He’d taken a sip of water from a bottle he’d swiped out of the mill gym’s mini fridge; he choked on it when he realized what she thought he’d asked. By the time he got the coughing under control, Robin had spilled out everywhere she and Reynolds had done it. “Damn, Robin. Shut the hell up. I’ll never be able to touch one of those gym mats again without a can of Lysol. Shit.”

“Hey, you asked.” She laughed, and the sound was so infectious he couldn’t help chuckling himself.

“I meant feeding. I wondered if he fed from you after Mirren said not to. Holy Mother of God, I didn’t want to hear the rest of that. Glory’s sofa? If Mirren finds out you and Reynolds fucked on his sofa, you are both going to be roadkill.”

“He won’t know unless you tell him.” Robin smiled. “I like Cage.”

He glanced over at her. “Like like? Or love like?”

She didn’t answer, and at first he thought she’d fallen asleep. In which case he was turning this rig around and going to bed.

“It’s not that simple with shifters, you know.”

Nik had always wondered about Robin’s family and what her life had been like before she’d moved to New Orleans. It was as if she’d sprung fully grown and fully formed into her lower French Quarter third-story flat, not far from his family home. He was curious but respected her enough to avoid being nosy.

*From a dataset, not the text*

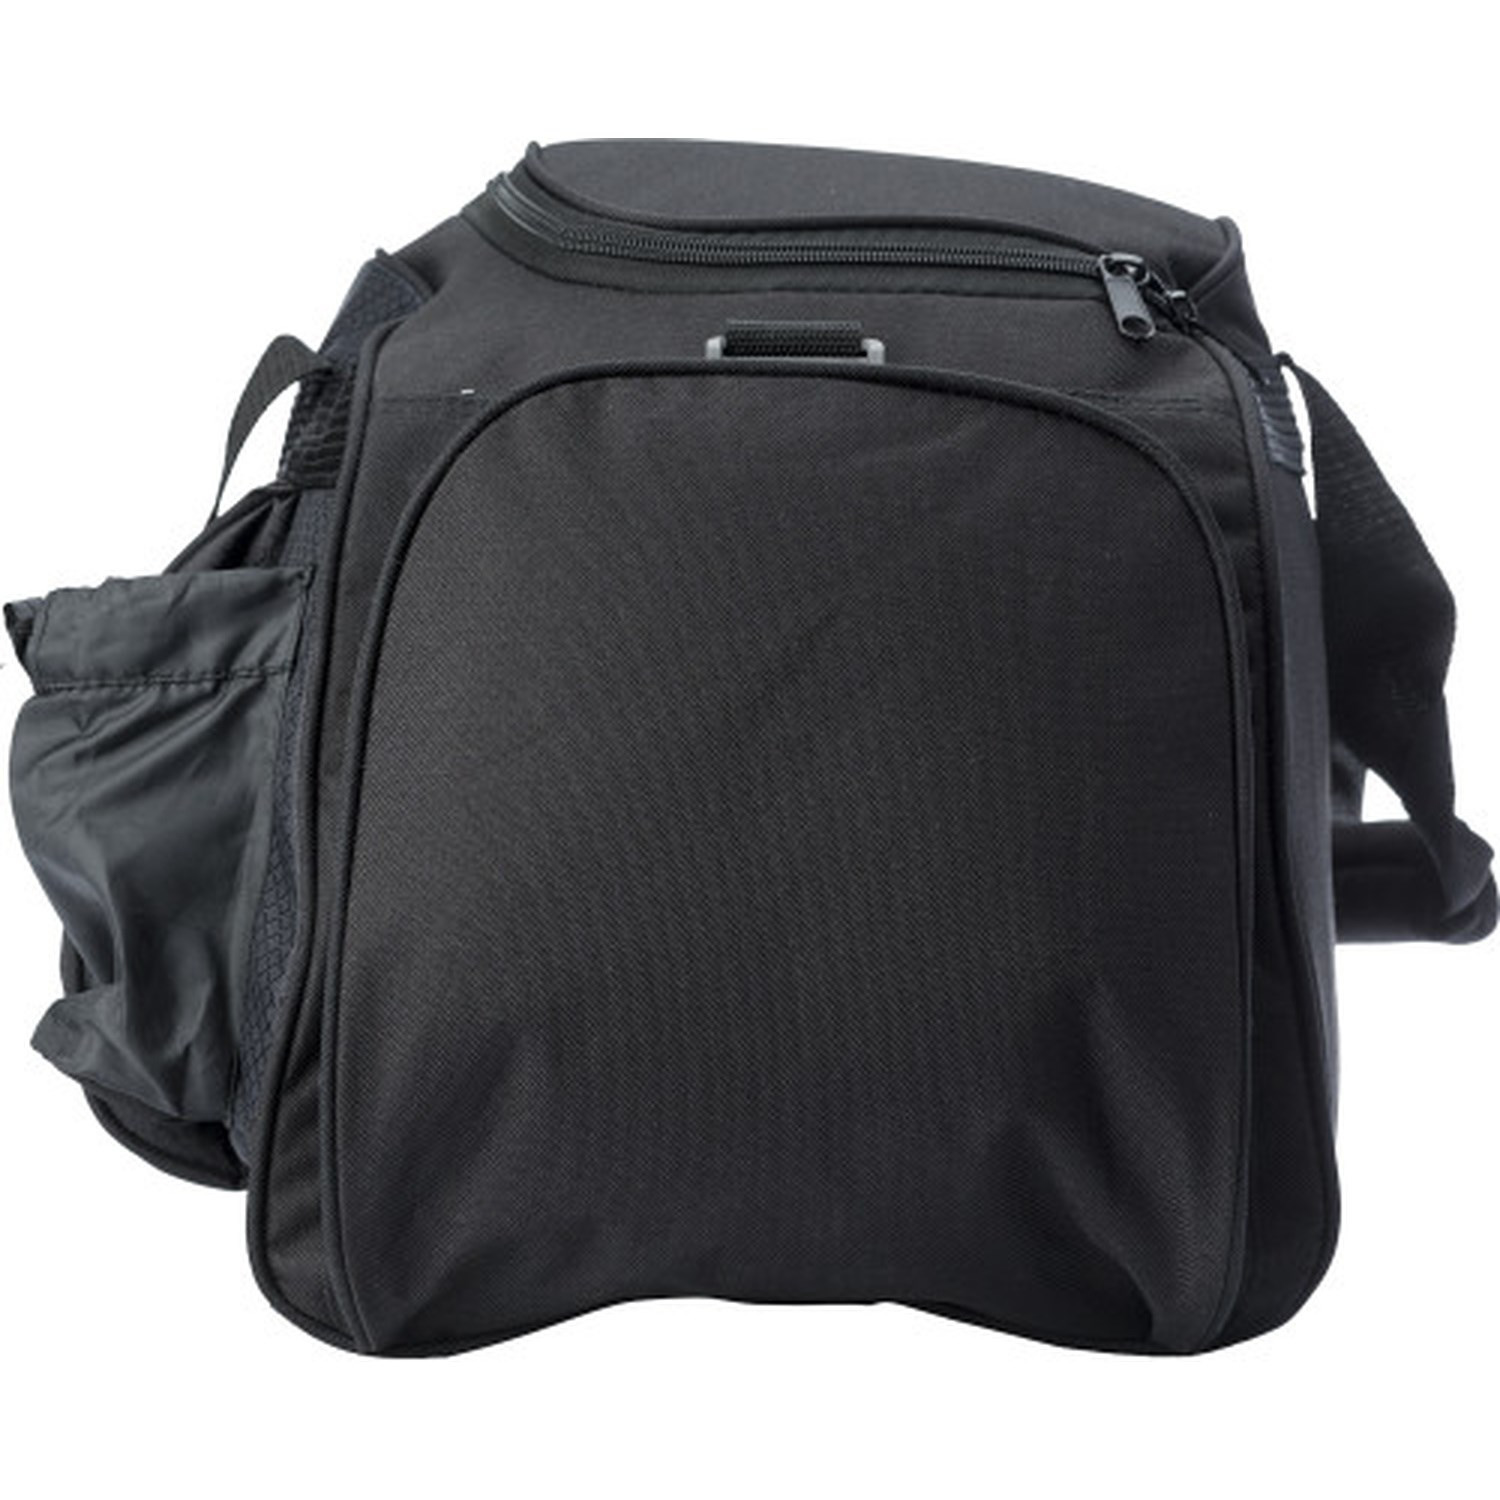 Sports Travel Bag in black showing side pocket

“You know if you ever want to talk about your life before, I’m here, right? No pressure. Just if you ever want to.”

Her voice was soft. “I know.”

The case in Houston they’d just finished had involved a wolf shifter who’d basically been sold by her parents into an arranged marriage. Robin had been even more infuriated by it than the rest of the team, and she was impatient with the woman for not going against her family sooner. It had made Nik wonder what the eagle-shifter culture was like. He’d done some research into the wild raptors, the golden eagles. They mated for life. They spent most of their lives in a fairly small area. They were expert trackers and hunters.

Yet here was little Robin, an expert tracker, but one who was ready to hit the road and go wherever it took her, keeping people at arm’s length. So who knew? She’d tell him when she wanted, and not a second before. He had to respect that.

“Where are we going again? A greenhouse? Why would a vampire have a greenhouse?”

“It was Aidan’s. The way I heard it, he was a farmer back in Ireland, and this was a way he could still work the land. And greenhouses hold sunlight, so I think it helped him stay in touch with who he was before he was turned.”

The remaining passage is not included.